From: Jeff A. <ja...@fa...> - 2013-10-26 18:07:04
|
In adding buffer API arguments to methods in PyString, it is also necessary to preserve what happens when a PyUnicode is supplied. As I study this, I conclude that our support for the basic multilingual plane is good, whether in PyUnicode directly or in the PyString mixed case. In the mixed case e.g. "**hello**".strip(u'*') the target string mostly delegates to a unicode copy of itself, effectively "**hello**".decode('ascii').strip(u'*') and I continue to use this idiom. Beyond the BMP, the behaviour of PyUnicode is often incorrect, using an implementation shared with PyString. I can see separate arrangements sometimes made in PyUnicode, but for the most part we just treat the UTF-16 implementation units as characters. Is that the accepted state? As I work on the buffer interface, I make various incidental improvements, but it would be wrong to tackle this one as an 'incidental'. Should I however attempt to trap non-BMP strings (e.g. assert(s.isBasicPlane())? Or just continue quietly get it wrong, as in the following current behaviour: >>> s = u"\U00010000a" >>> len(s) 2 # good >>> s[1] u'a' # good >>> s.index('a') 2 # oops Jeff |
From: Jeff A. <ja...@fa...> - 2013-10-27 09:27:09
|
Ok, so it's not an accepted situation. Thanks for the swift reply.

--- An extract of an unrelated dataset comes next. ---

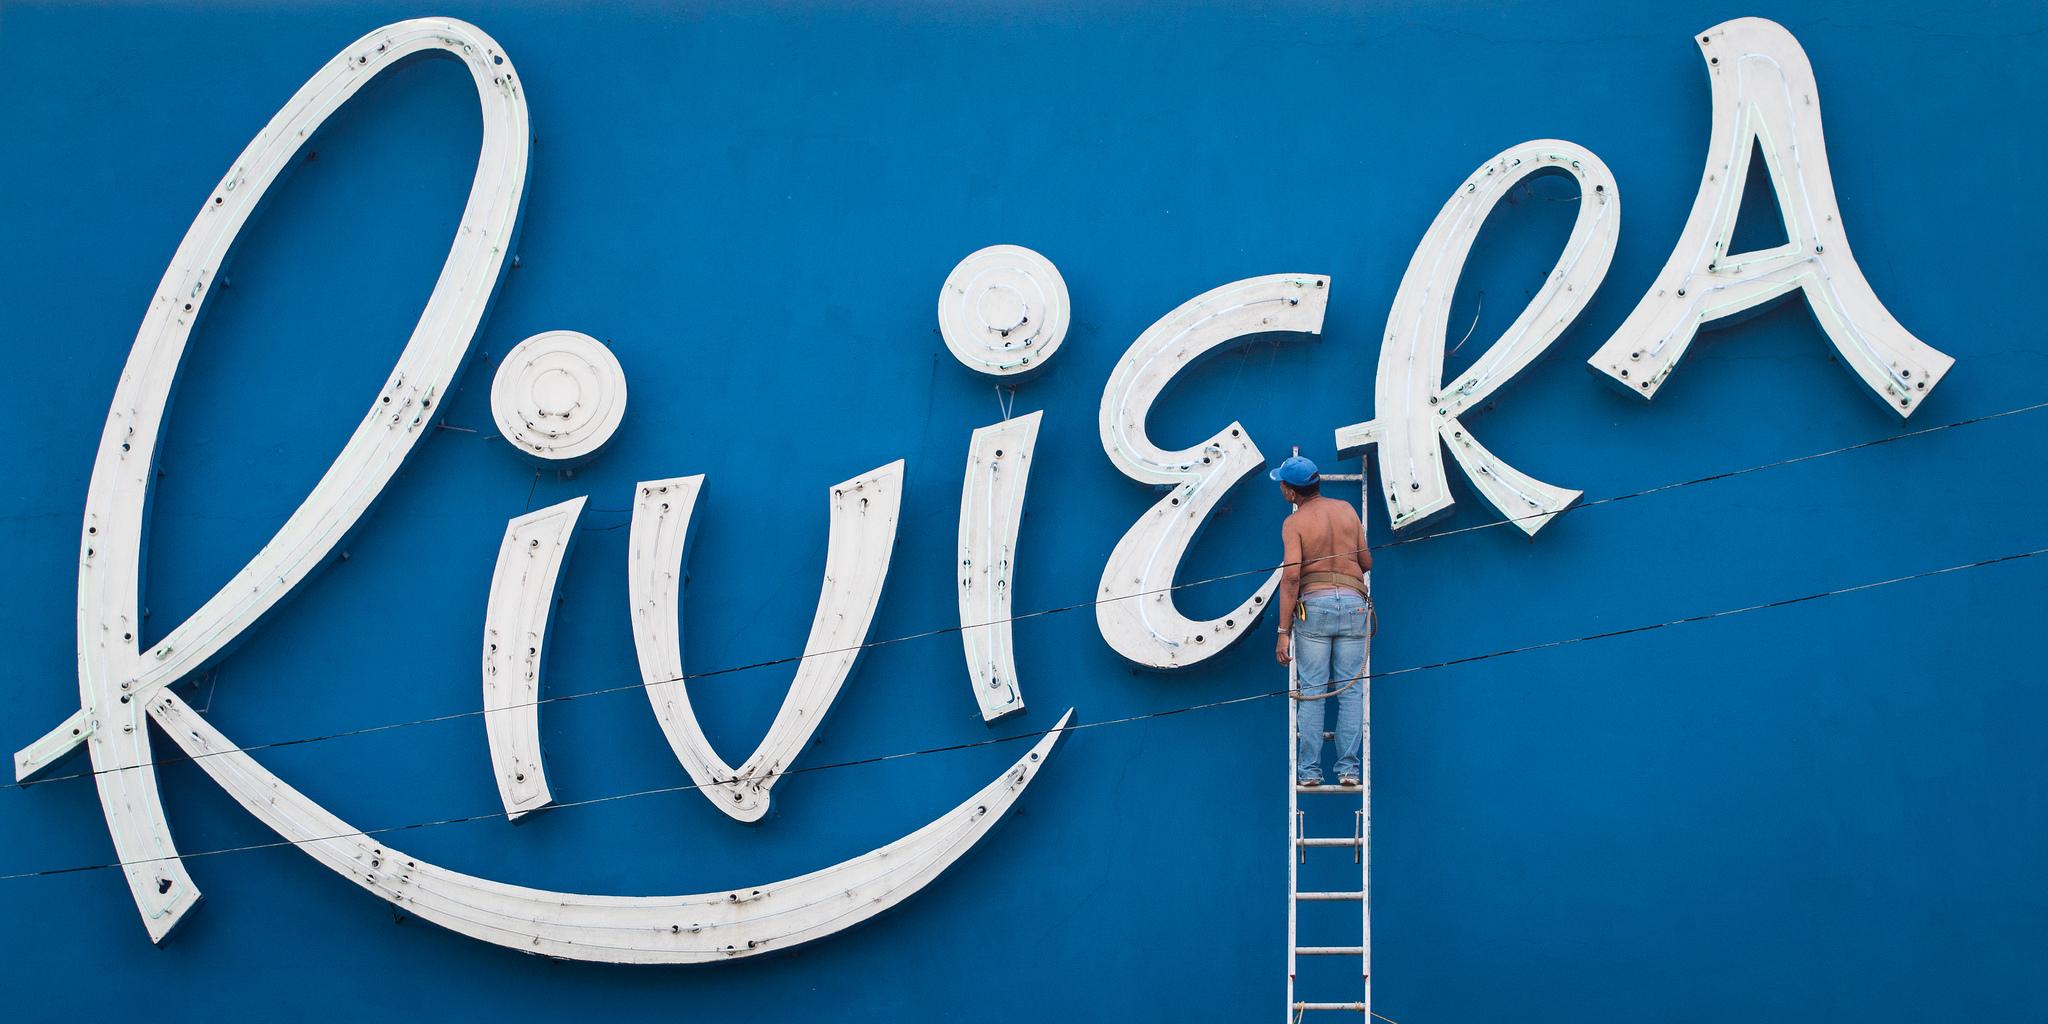 Straßenfotografie: Mann auf Leiter vor weißer Riviera-Leuchtreklame auf blauem Hintergrund

I logged a bug as we should come back to it after the buffer work is done, rather than tangle with it now. I'll continue with the buffer API changes within the BMP limitations noted. We could pull in more of the relevant 2.7 tests (or even bits of Py3k) avoiding those things that are just artefacts of the implementation differences. Jeff Jeff Allen On 27/10/2013 03:00, Jim Baker wrote: > ... > > On Sat, Oct 26, 2013 at 12:06 PM, Jeff Allen <ja...@fa... > <mailto:ja...@fa...>> wrote: > > ... > > As I work on the buffer interface, I make various incidental > improvements, but it would be wrong to tackle this one as an > 'incidental'. Should I however attempt to trap non-BMP strings (e.g. > assert(s.isBasicPlane())? Or just continue quietly get it wrong, as in > the following current behaviour: > >>> s = u"\U00010000a" > >>> len(s) > 2 # good > >>> s[1] > u'a' # good > >>> s.index('a') > 2 # oops > > > That's a bug in the index method! So please fix as you have a chance. > ... > > - Jim |